Provided data
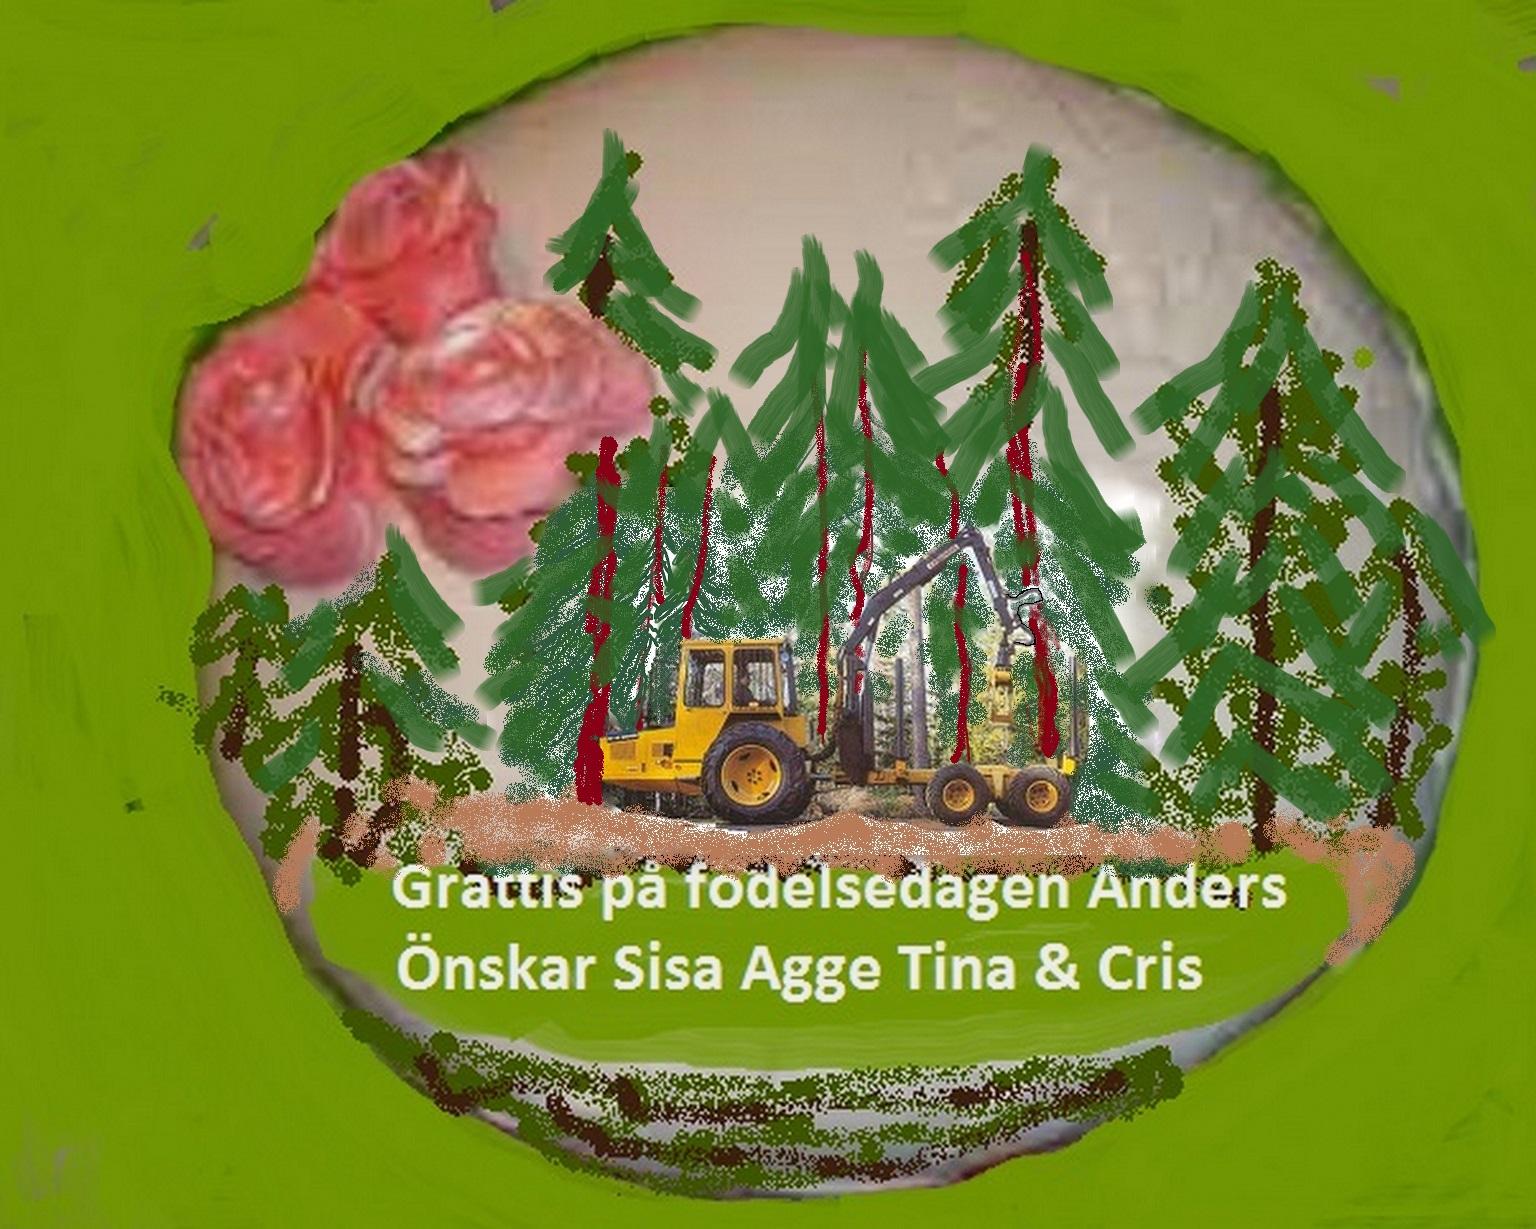 grattis önskningar Grattis på födelsedagen Anders   22 Övrigt   Livskvalitet iFokus grattis önskningar
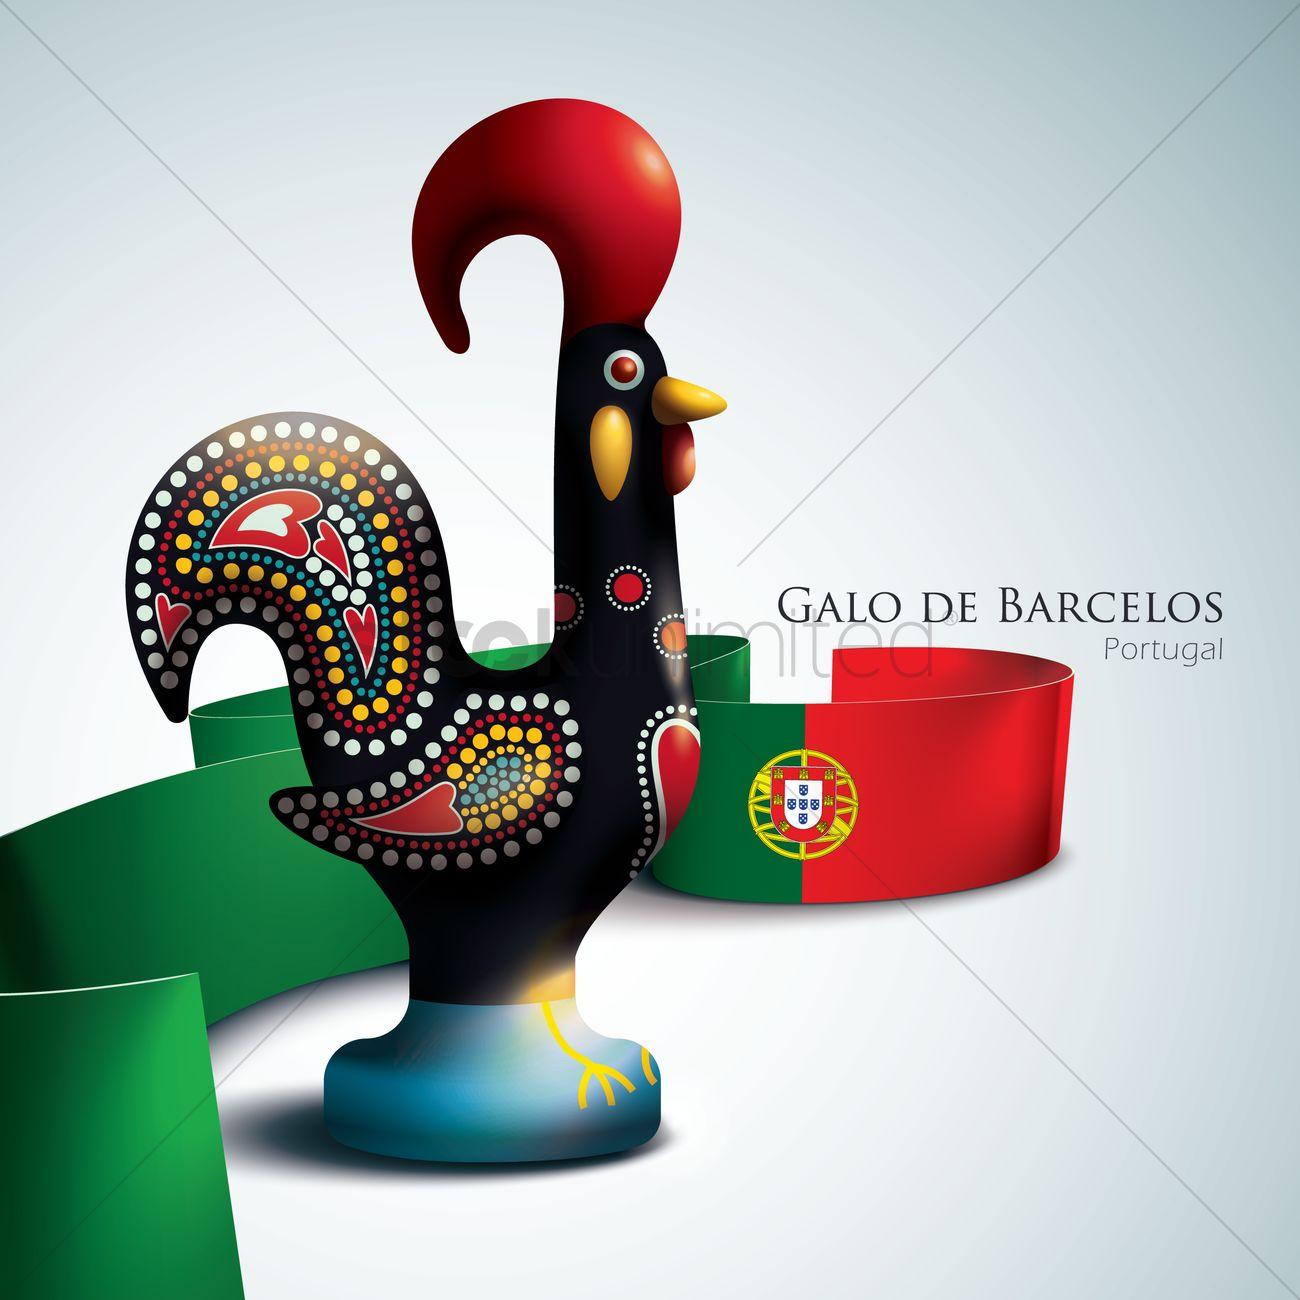 Galo De Barcelos Vector Image 1577542 Stockunlimited
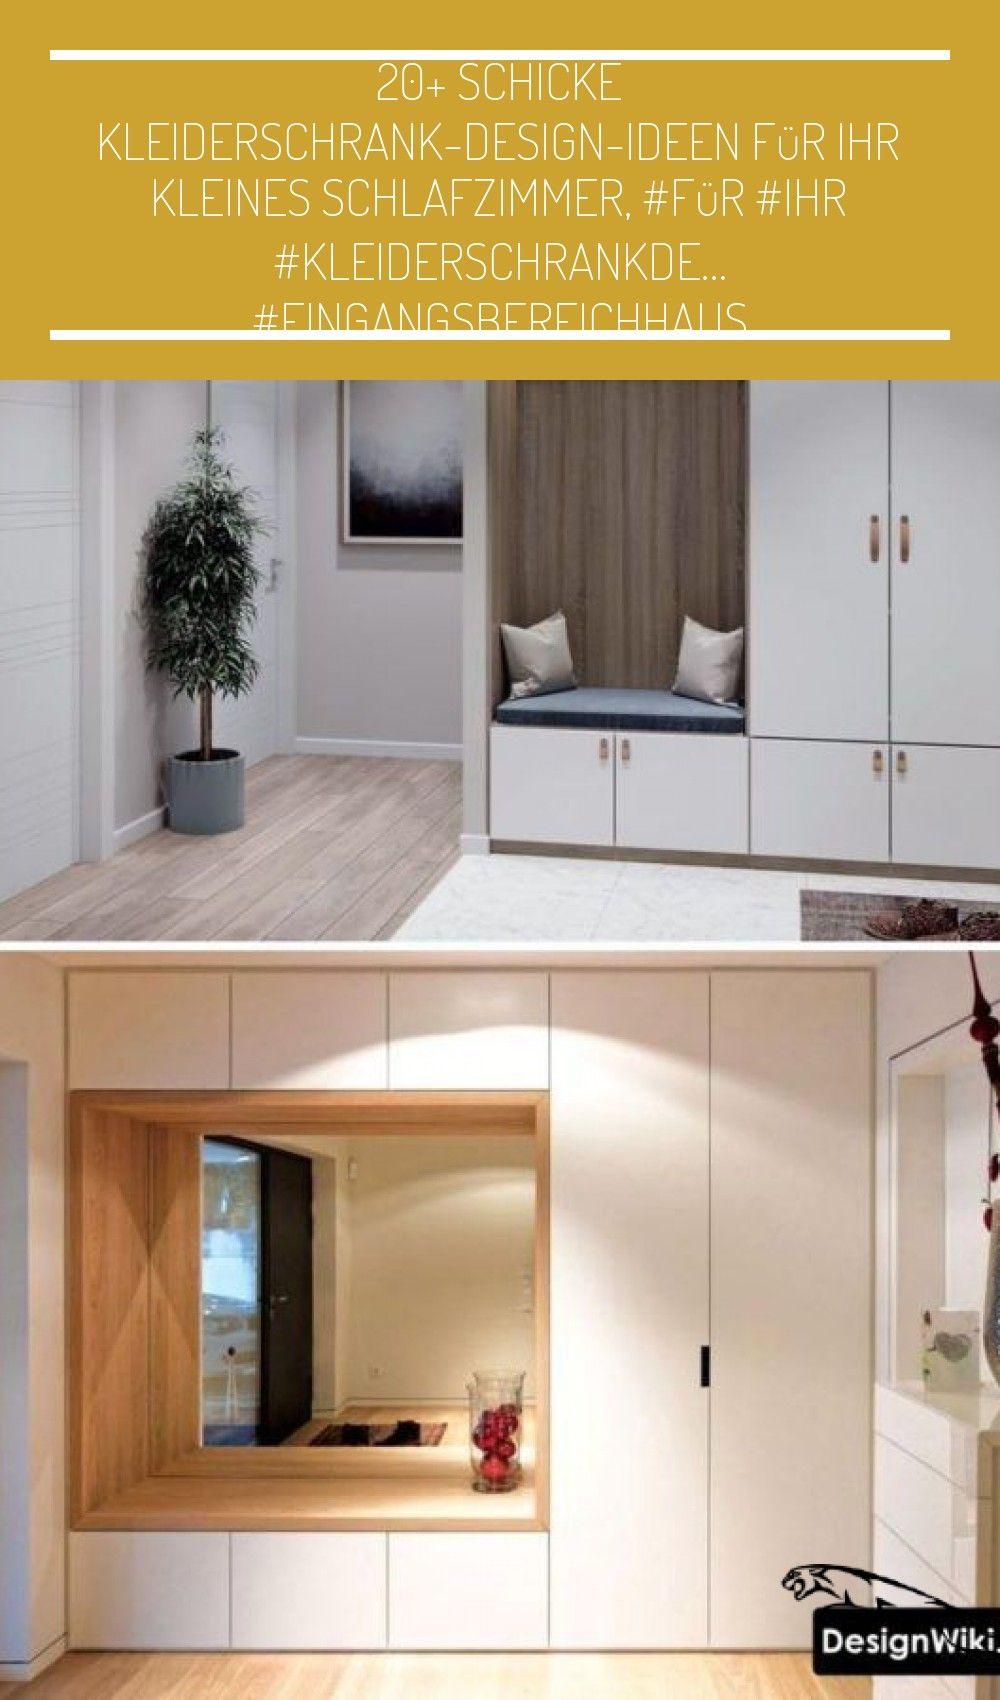 20+ schicke Kleiderschrank-Design-Ideen für Ihr kleines Schlafzimmer, #für #Ihr #KleiderschrankDe...   20+ schicke Kleiderschrank-Design-Ideen für Ihr kleines Schlafzimmer, #für #Ihr #KleiderschrankDesignIdeen #kleines #schicke     #eingangsbereichhaus #muebles de entrada entrance 20+ schicke Kleiderschrank-Design-Ideen für Ihr kleines Schlafzimmer, #für #Ihr #KleiderschrankDe… #eingangsbereichhaus

What you should do
Restate, word for word, all of the material above, leaving out the images.

Result below
 grattis önskningar Grattis på födelsedagen Anders   22 Övrigt   Livskvalitet iFokus grattis önskningar
 Galo De Barcelos Vector Image 1577542 Stockunlimited
 20+ schicke Kleiderschrank-Design-Ideen für Ihr kleines Schlafzimmer, #für #Ihr #KleiderschrankDe...   20+ schicke Kleiderschrank-Design-Ideen für Ihr kleines Schlafzimmer, #für #Ihr #KleiderschrankDesignIdeen #kleines #schicke     #eingangsbereichhaus #muebles de entrada entrance 20+ schicke Kleiderschrank-Design-Ideen für Ihr kleines Schlafzimmer, #für #Ihr #KleiderschrankDe… #eingangsbereichhaus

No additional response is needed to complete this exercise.